- Is there a "recommended" way to enumerate all block devices (not partitions) from userside? Since this is ATA RAID, I could of course just read the ideX majors from /proc/devices and try all the minors, but I would prefer to get a list of all detected block devices in a portable way.
sysfs, definitely.
- After I have used the DM (and possible MD for some RAID types) to map the ataraid devices, is there a way to remove the partitions from the underlying disks from the kernel? This was my main reason for wanting to do kernel-level autodetection of these arrays, so I could prevent add_disk from being called and analysing the partition table (on these BIOS RAIDs, in striped mode the first disk contains the partition table for the entire array in sector 0, and if the user (or a script) tries to mount the partitions (or even read the extended partition table) it may try to read after the end of the disk and will in any case use wrong sector numbers - leading to possible disk corruption.

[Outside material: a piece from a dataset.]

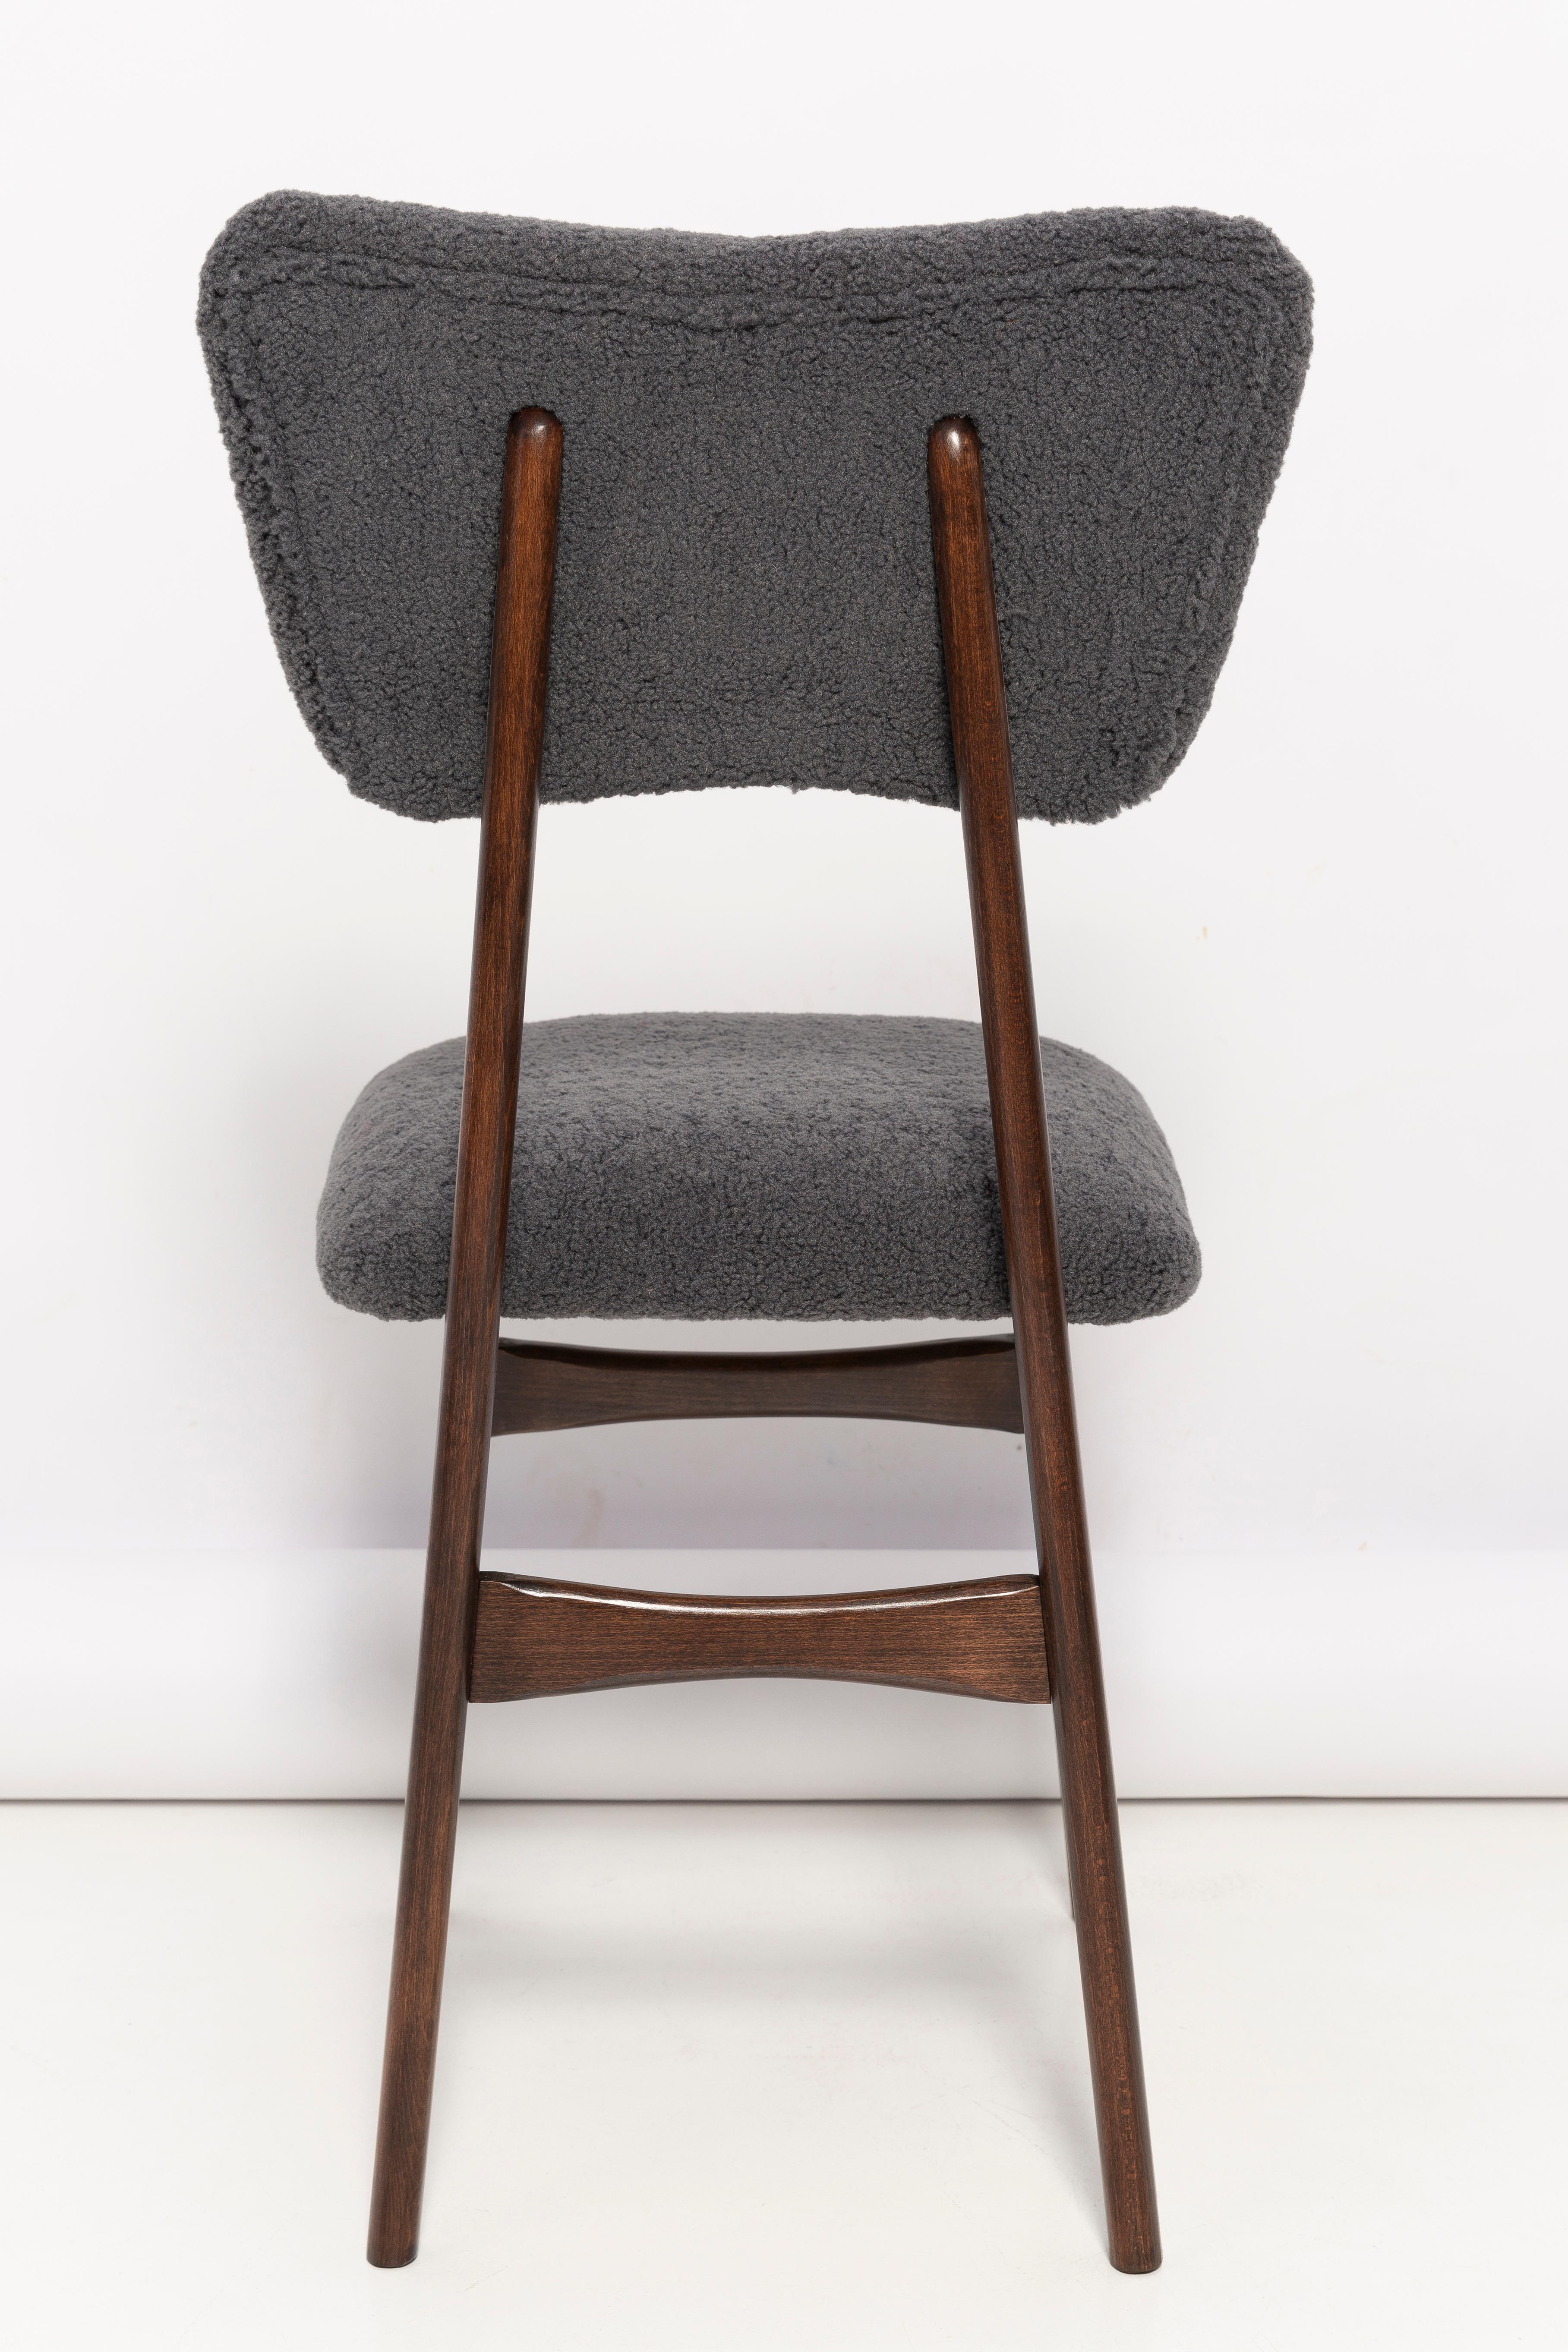 Bouclé Butterfly Dining Chair, Gray Boucle, Dark Wood, by Vintola Studio, Poland, Europe For Sale

You have control of what happens to the devices. If you don't want them probed for partitions, they won't be..
On top of this it would be useful to make the underlying devices inaccessible after the mapped device is created (to prevent people from doing things like fdisk /dev/hda, when what they really wanted was something like fdisk /dev/ataraid/disc).
This would be something to talk with the md maintainer about, I think. I'm not sure we want to do this, since the user may have a valid reason to access the underlying disk.